0

I am working with SSIS 2014. I have several dozens of millions of rows coming from Attunity Oracle Source component, which its source query has 20 columns and it is time consuming. For some reason, I need to insert 2 columns of the same query in another table which has reference to the first table.

I would like to avoid a second calling to the query in another DataFlowTask, so I was thinking about creating a WAIT till x_01 finishes Script Component task, which will validate when the x_01 OleDB Destination finishes, for then proceed with inserting in the second table.

Kindly understand what I want to achieve here: here

I was thinking about using a x_01_Finished Package Scope variable and changing its value when PostExecute event is fired from x_01, but unfortunately the PostExecute is not available at x_01 OleDB Destination level.

Question 1:

Is there a way to get the status of some other component, inside a Script Component code?

Something like the following:

public override void PreExecute() {
    base.PreExecute();
    int sec = 5; //number of seconds to check the status of x_01 Component
    int ms  = sec * 1000;
    bool lbo_x01_Finished = false;
    do {
        System.Threading.Thread.Sleep(ms);
        lbo_x01_Finished = IsComponent_Finished("x01"); //returns true when x01 component finished
    } while(!lbo_x01_Finished);
}

Question 2:

Do you think the package performance will be highly affected using this tecnique?

UPDATE 1

Already tried the Nick.McDermaid's suggestion with a really tiny amount of data. I created 2 temporary tables, one with the PK in the first column and the second table with a FK to this PK of the first table. Even with this small amount of data I got this error: The INSERT statement conflicted with the FOREIGN KEY constraint "FK_tmp_1_tmp_2". You can see the in the following screenshot that insert indeed is really fast, and in the second chunk of data, the x_02 object intended to insert before the first one (and it was not possible due to this FK).

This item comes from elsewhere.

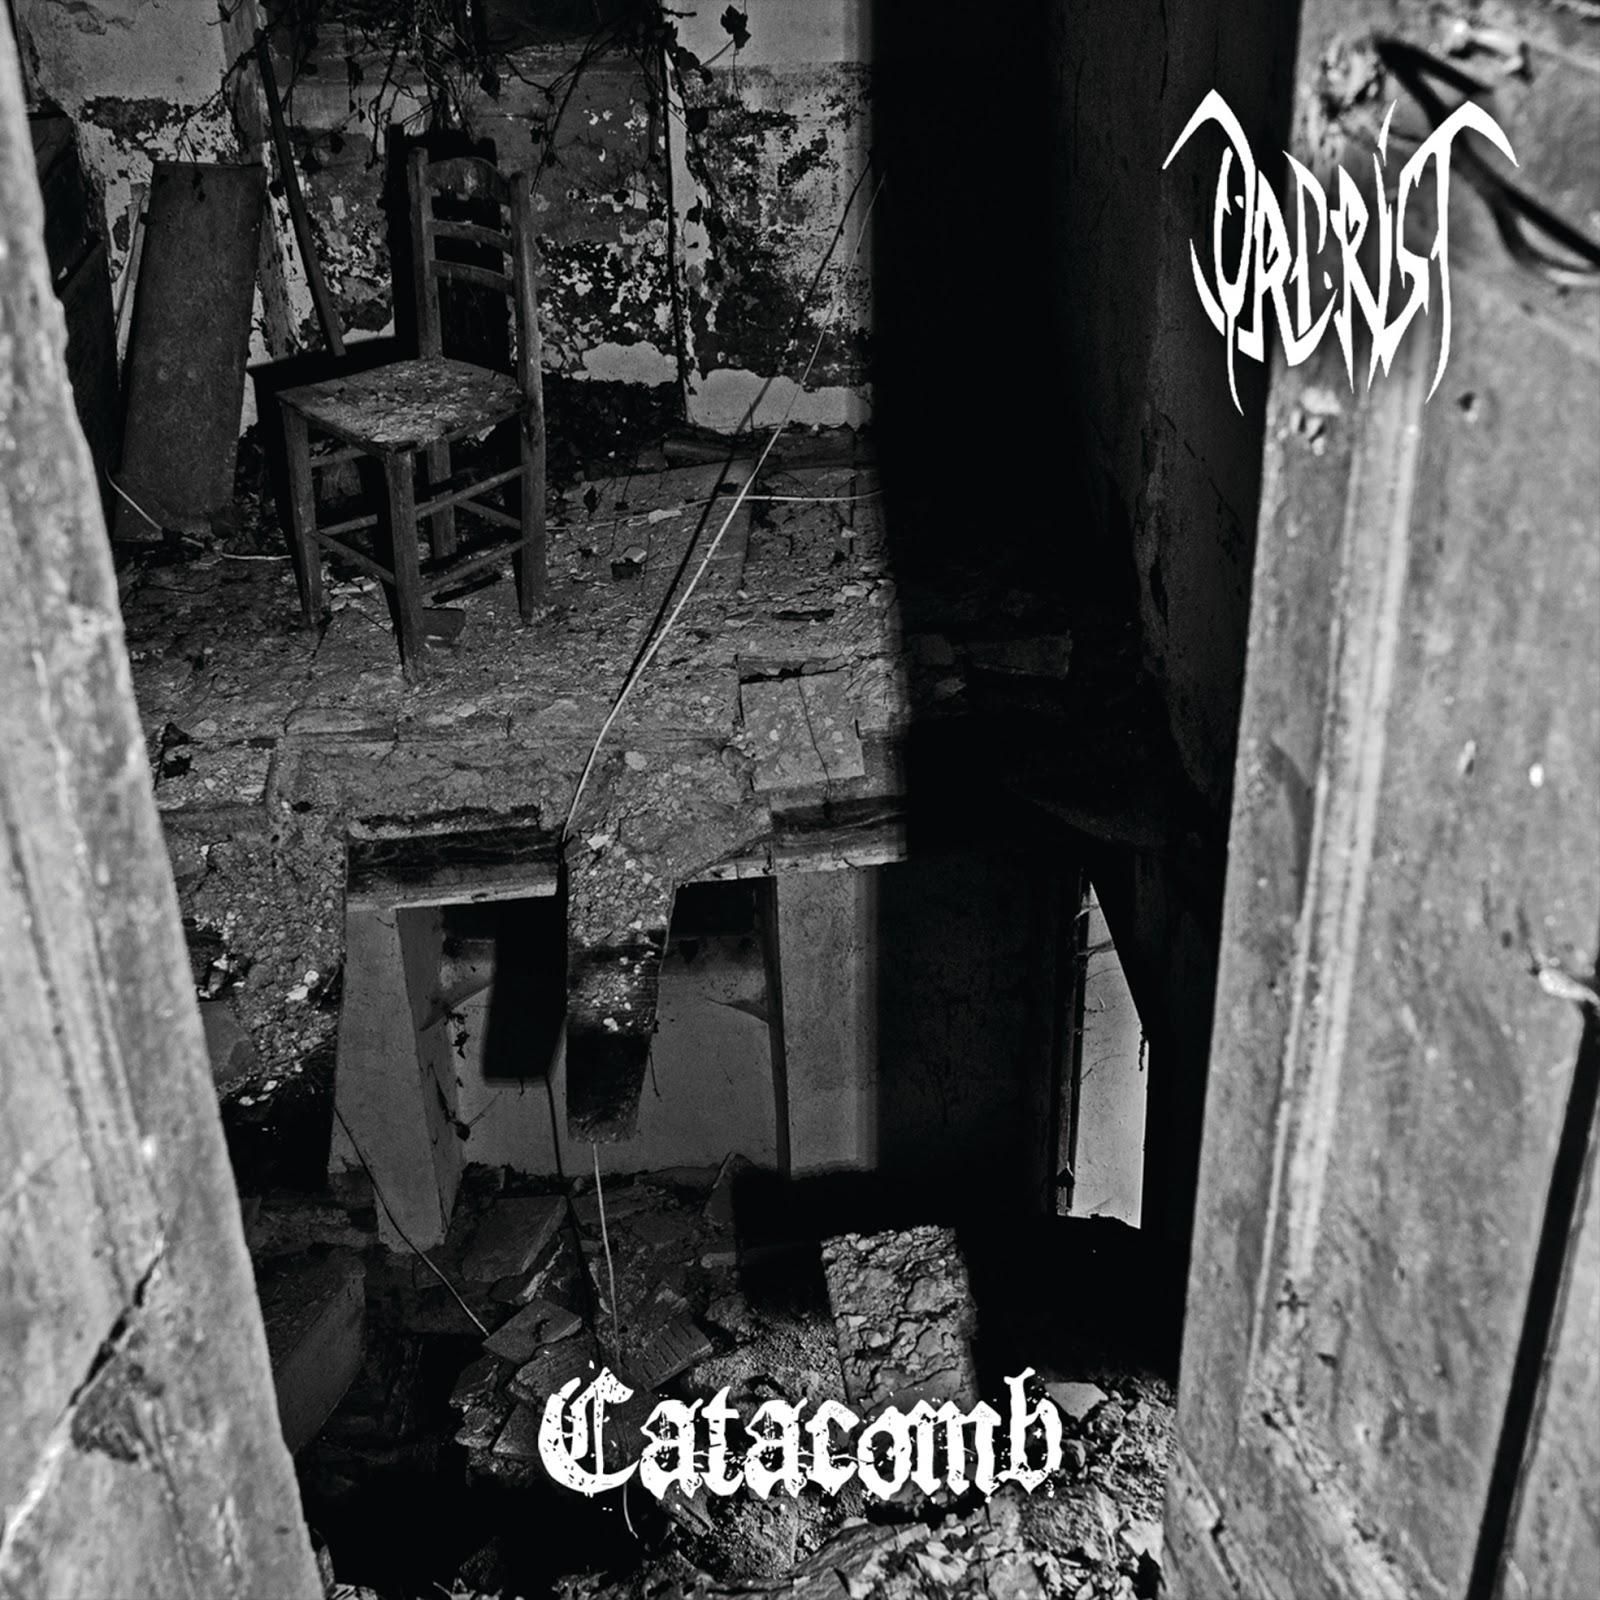 Catacomb: nuovo album per la band Orcrist

So, my next idea is sleeping some miliseconds while reading just the first row before inserting on the second table. We will see if this can helps.

screenshot

OscarSosa
  • 89
  • 1
  • 1
  • 6
  • I think you're overcomplicating it. Why not use a multicast and feed them in in parallel? Or use an insert/select afterwards – Nick.Mc Jan 24 '18 at 10:27
  • I want to avoid the select/insert afterwards for _saving time_ of the whole migration, I have the data on memory already, so... Regarding the multicast, it is already there but it is needed to insert in the first table and then insert in the second one. – OscarSosa Jan 24 '18 at 10:35
  • You might be suprised how fast the insert/select works. – Nick.Mc Jan 24 '18 at 12:44
  • Yeah, I am. For now, I'm using the the select/insert in the next Data Flow Task for long time ago. Just lately, I am wondering if it is possible such idea. Time to time I need to migrate to Azure databases, and they are way slower than our internal environments. Another issue is the quality of the hard disks we have with another customers. E.g. For a similar example, there are times when we are able to insert 20 million of rows in 20 min, and 9 million of rows took 45 min in another env. Thanks anyway for your recommendations, Nick =] – OscarSosa Jan 24 '18 at 12:59
  • And I will not only _save time_ for the whole migration, I will also save the workload of the second select in the Oracle DB. – OscarSosa Jan 26 '18 at 08:35
  • The buffers in the data flow load and throwaway data. You never have the full set of data in memory - it feeds in and out of buffers. When x_01 is finished the only data you have in memory is the last batch of rows that fit into the destination buffer. You (or may not) see some performance increase if you do whatever is in those derived columns in the source query. Unless of course that info is only available in the package. – Nick.Mc Jan 26 '18 at 10:40
  • 1
    You could use some kind of partially blocking transformation (or make your own in a script transformation) to delay the second set of data. Or you could disable FK's while you load. (that speeds things up also and is pretty standard practice). I suggest disabling FK's. Having said that, it's strange to have an FK relationship between two apparently identical sets of data – Nick.Mc Jan 26 '18 at 10:43
  • Thanks for this last comment! It is really useful, indeed! =] – OscarSosa Jan 26 '18 at 10:45

0 Answers0